Car les effets de l'exposition au protoxyde d'azote sur la santé sont détaillés dans le document mis en ligne par l'agence (son avis fait 12 pages ; le rapport d'expertise collective qui a donné lieu à cet avis en compte 160). En un mot, ces effets du gaz hilarant ne font pas tous sourire… Un avis antérieur de l'Anses, en lien avec l'usage récréatif de ce gaz, relevait des « effets indésirables pouvant être sévères, tels que des troubles du rythme cardiaque, un risque d'asphyxie, des troubles psychiques et des atteintes neurologiques ». Car ce gaz est « très volatil et rapidement absorbé par inhalation. Il est rapidement distribué dans les tissus richement vascularisés et pénètre facilement dans le cerveau.
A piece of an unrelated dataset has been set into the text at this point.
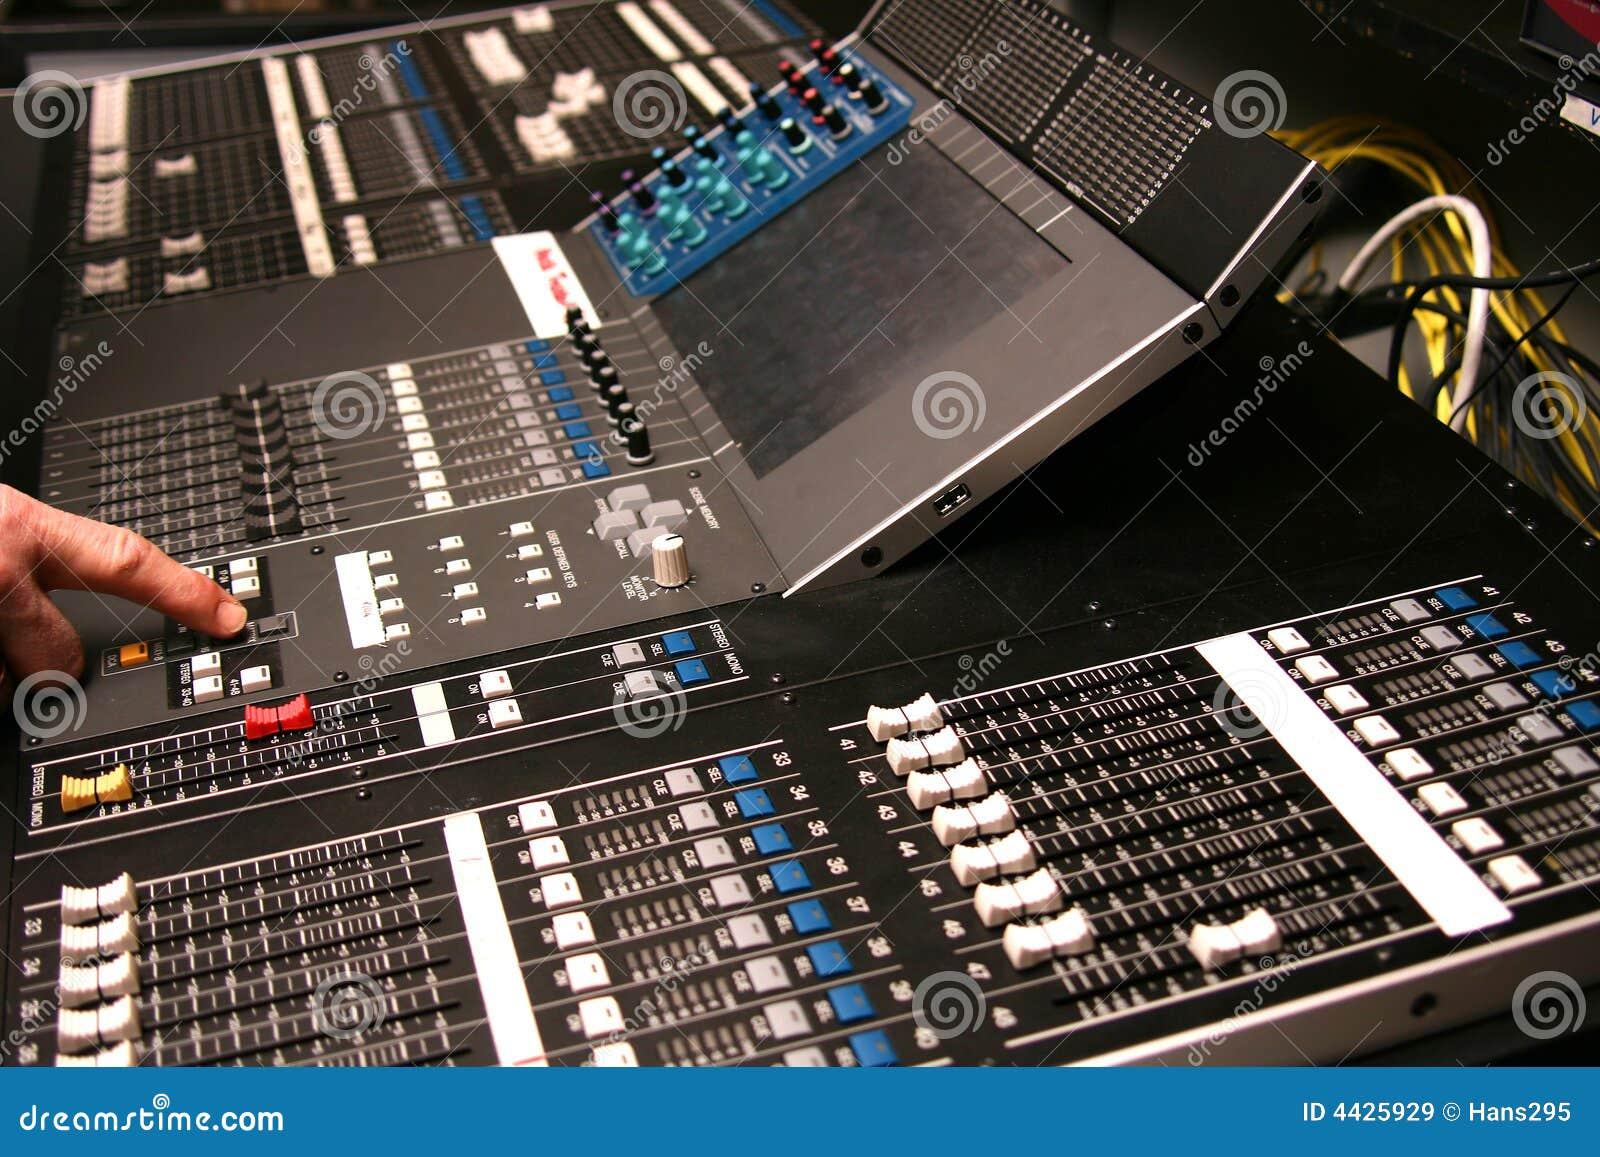 how to build an digital audio mixer

Il est rapidement excrété sous sa forme inchangée par les poumons. Le N2O est également capable de franchir la barrière placentaire ».
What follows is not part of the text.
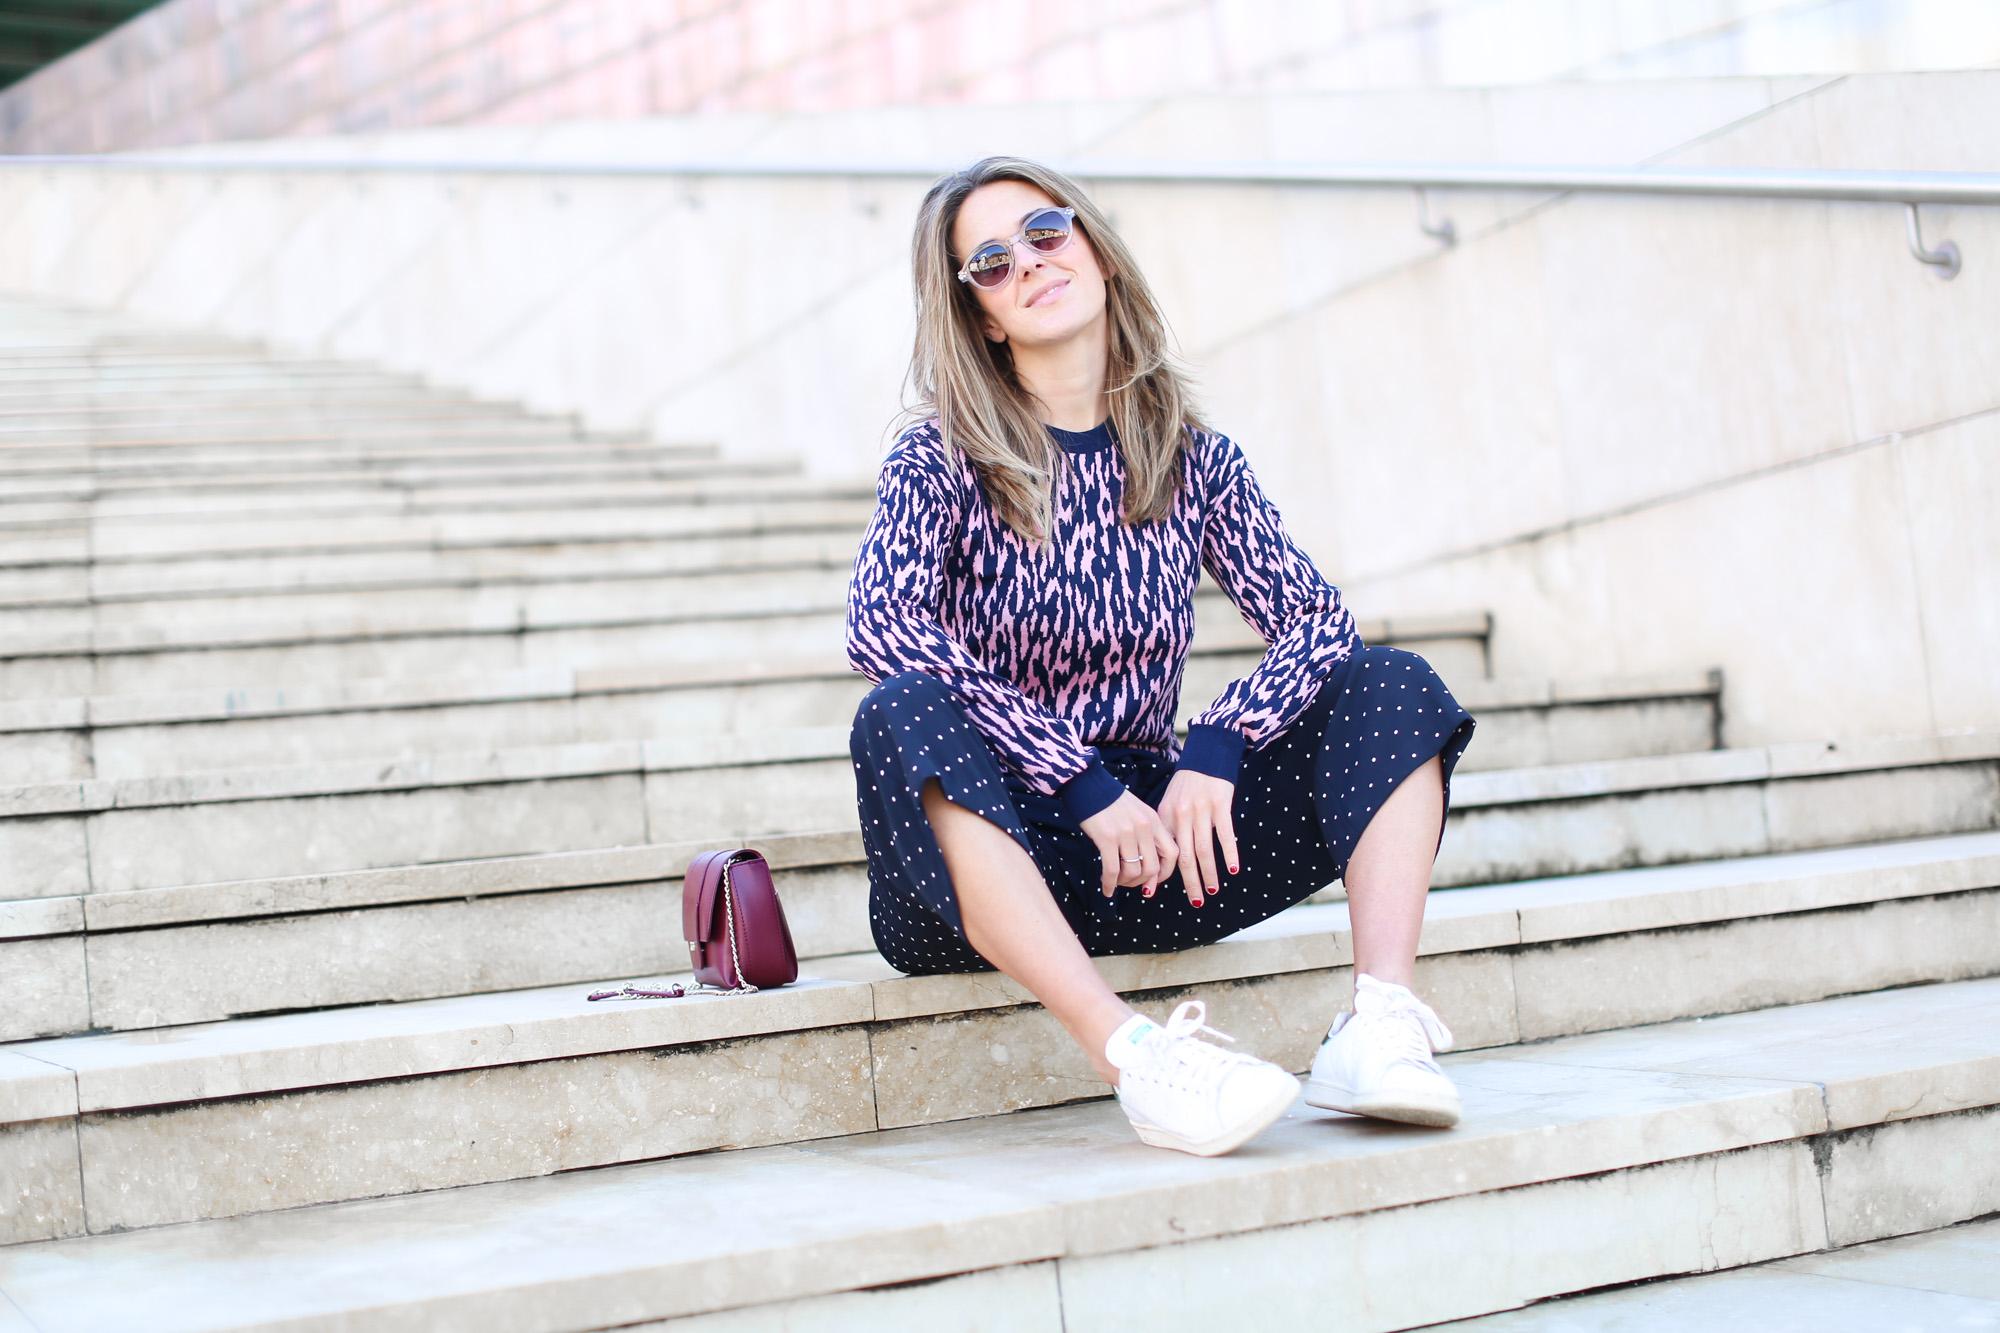 Clochet_streetstyle_fashionblogger_andotherstories_merinowooljacquardsweater_leopardprintpinkandblue_adidasstansmith-8

Cognition, lymphocytes, fertilité ?

Les effets nerveux d'une exposition sur quelques heures sont considérés comme réversibles et sont avant tout cognitifs. Lors d'exposition chronique, différents travaux indiquent une baisse de vigilance, du temps de réaction et des troubles de l'humeur au-dessus de 25 à 50 ppm, selon les données synthétisées par les experts. Toutefois, l'exposition à ce gaz a aussi des effets hématologiques, avec en particulier une réduction des lymphocytes T auxiliaires, dose-dépendante chez les professionnels régulièrement exposés (anesthésistes). Des effets génotoxiques « faibles » ont aussi été observés pour des expositions approchant les 100 ppm. Enfin, « deux études épidémiologiques menées auprès de travailleurs sont disponibles chez l'Homme. Les résultats positifs, obtenus dans ces études, notamment concernant la diminution du taux de fécondité, ne sont pas suffisants pour conclure à un effet chez l'Homme ». Toutefois, des études animales « soulèvent des préoccupations claires quant à la fertilité des femelles exposées au N2O » d'une part, et « soutiennent des effets potentiels sur la fertilité des mâles » d'autre part.
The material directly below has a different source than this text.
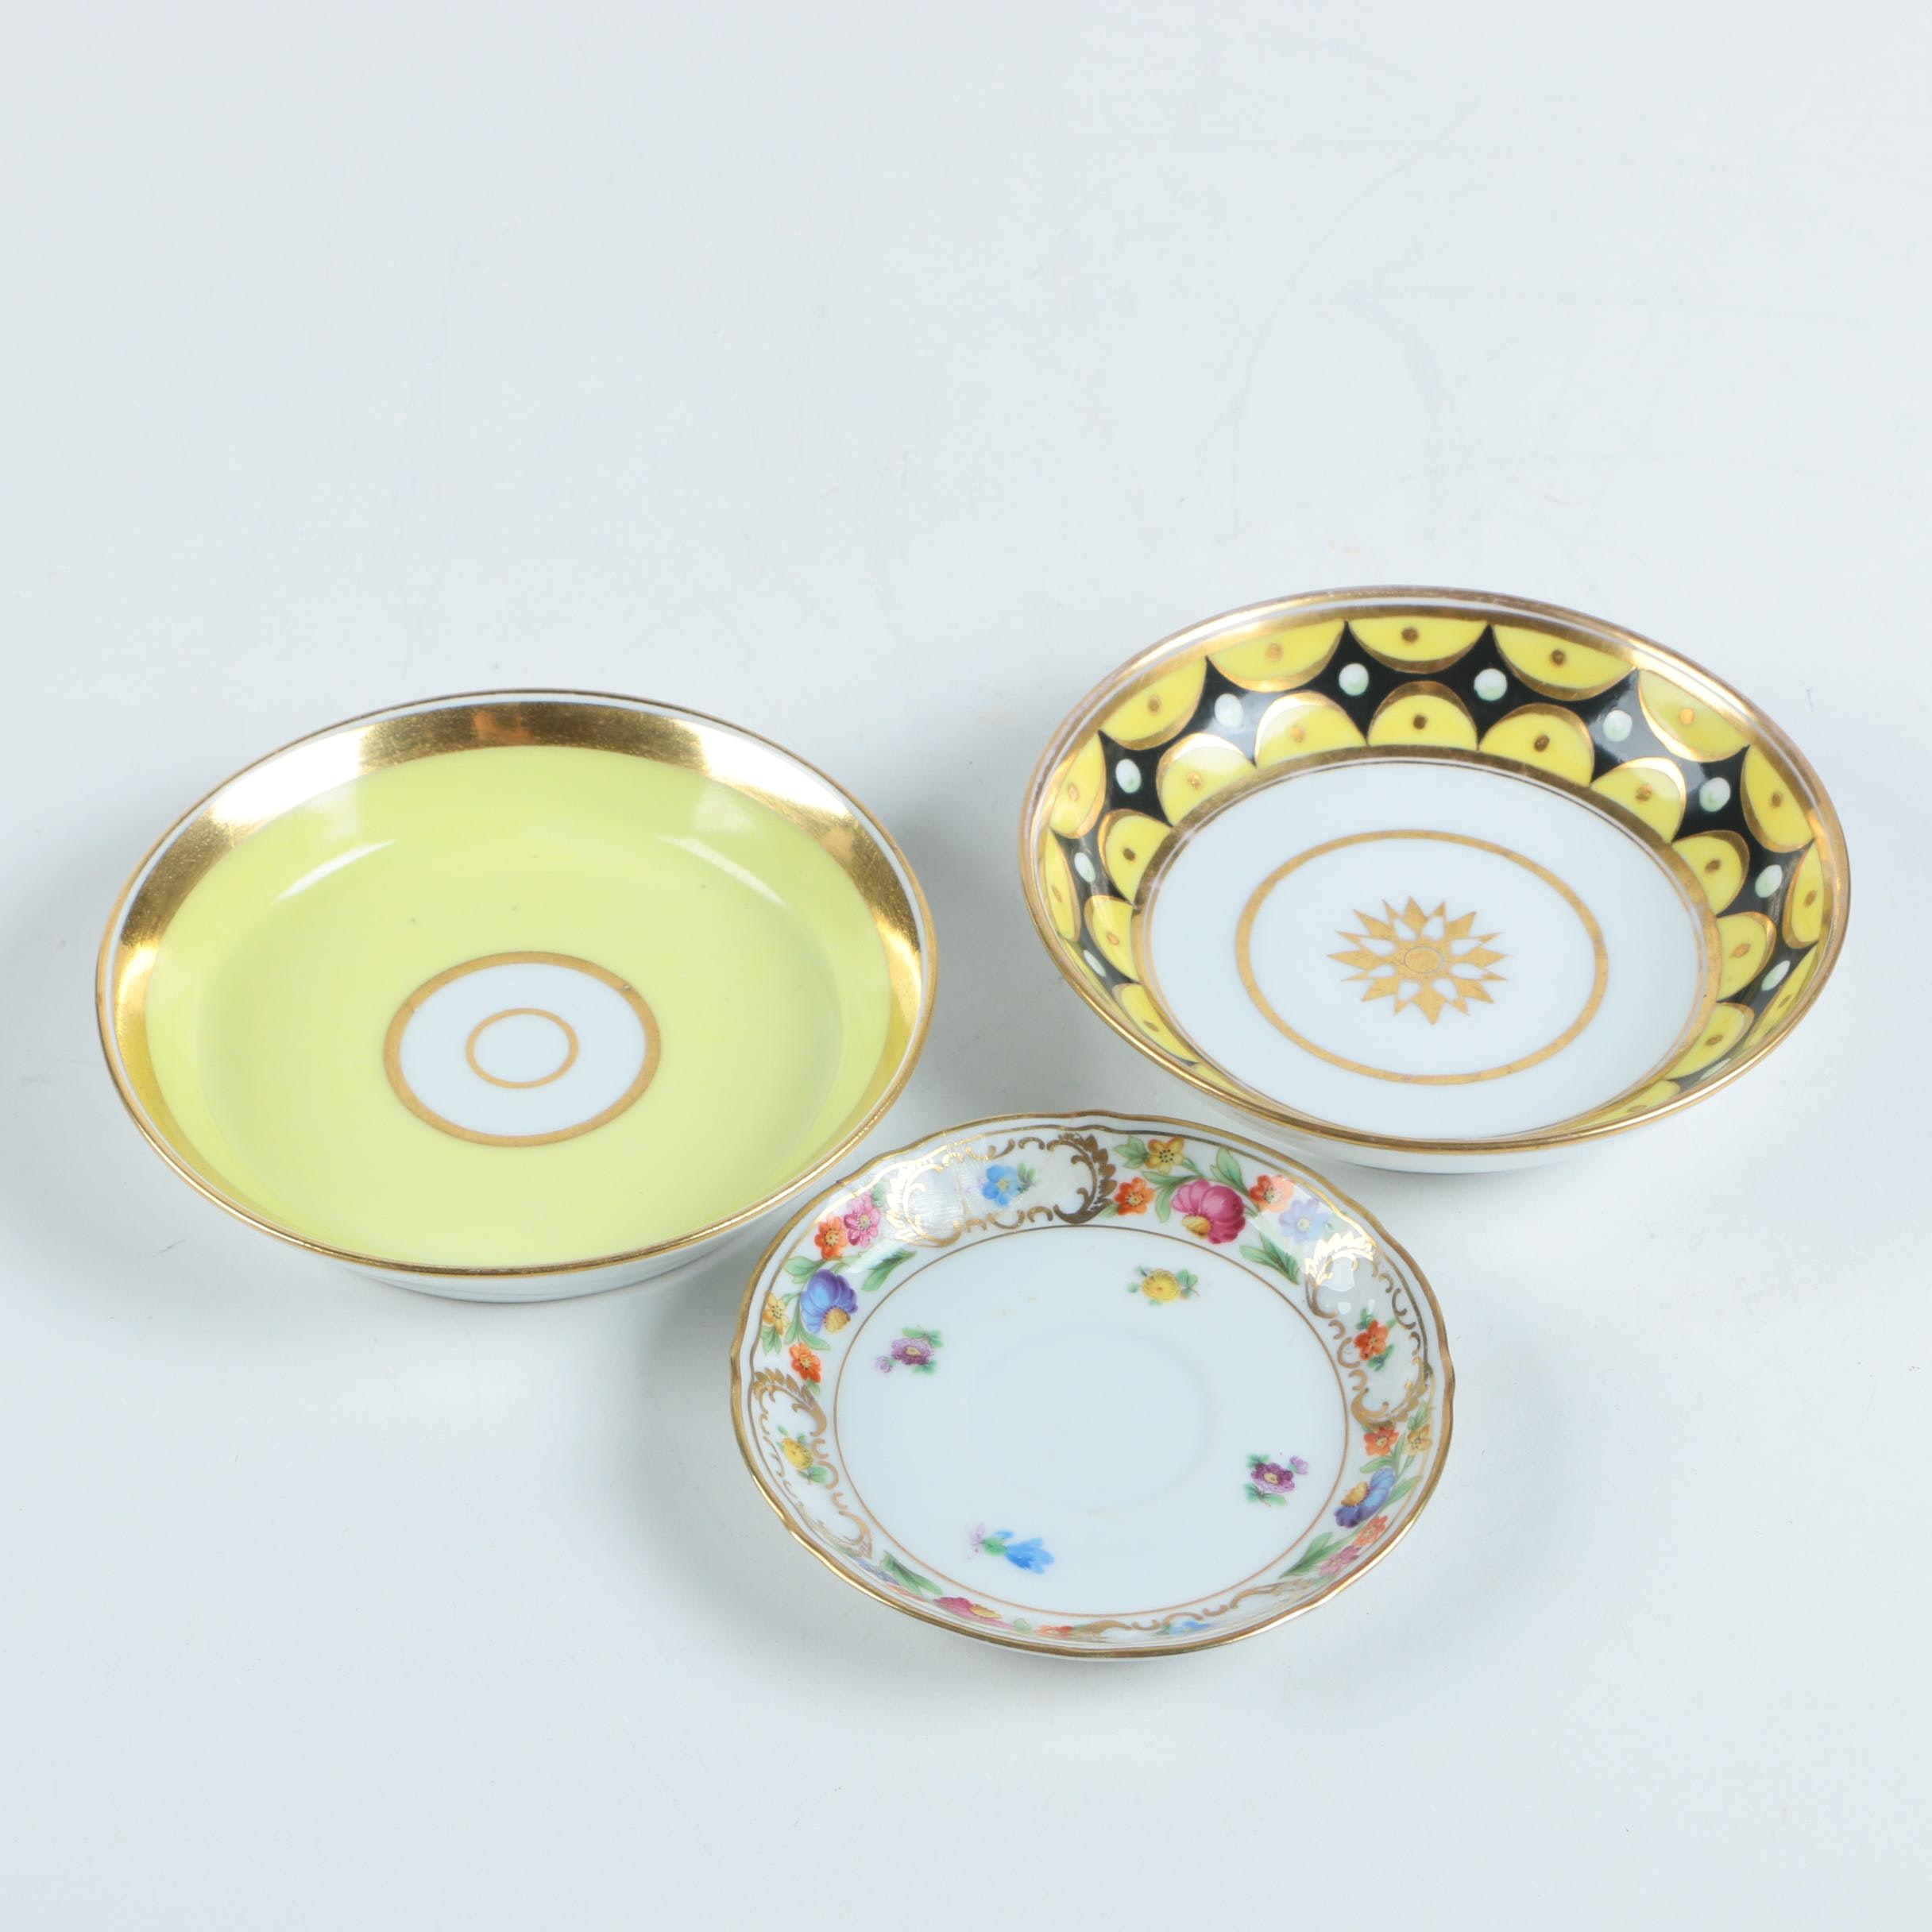 Porcelain Plates Including Schumann Bavaria 1945-49

Seuil protecteurs et méthodes de mesure

Les seuils proposés par l'Anses « vise[nt] à éviter l'altération des performances cognitives, qui est l'effet apparaissant aux concentrations les plus faibles, selon les données actuellement disponibles ». Ansi, ces seuils « devrai[en]t également protéger les professionnels des effets sur les systèmes immunitaire et hématologique, ainsi que sur le développement. En revanche, le respect de cette valeur ne permet pas d'exclure d'éventuels effets sur la fertilité en l'absence de données humaine et animale fiables ». L'avis a aussi comparé 6 méthodes de mesure de la concentration en N2O dans l'air, et en retient :

  • une pour le contrôle de l'exposition sur 15 minutes (il s'agit du « prélèvement actif sur support adsorbant suivi d'une désorption thermique et d'une analyse par chromatographie gazeuse couplée à un détecteur à capture d'électrons ou détecteur de conductivité thermique ») ;
  • et deux pour le contrôle de l'exposition sur 8 heures (« prélèvement passif sur support adsorbant suivi d'une désorption thermique et analyse par spectroscopie infrarouge ; échantillonnage passif sur un support adsorbant suivi d'une désorption thermique et d'une analyse par chromatographie gazeuse couplée à un détecteur à capture d'électrons ou détecteur de conductivité thermique »).

Enfin, l'avis rappelle que le N2O « s'accumule dans l'atmosphère avec une durée de vie d'environ 114 ans et contribue à l'effet de serre et à la destruction de la couche d'ozone ».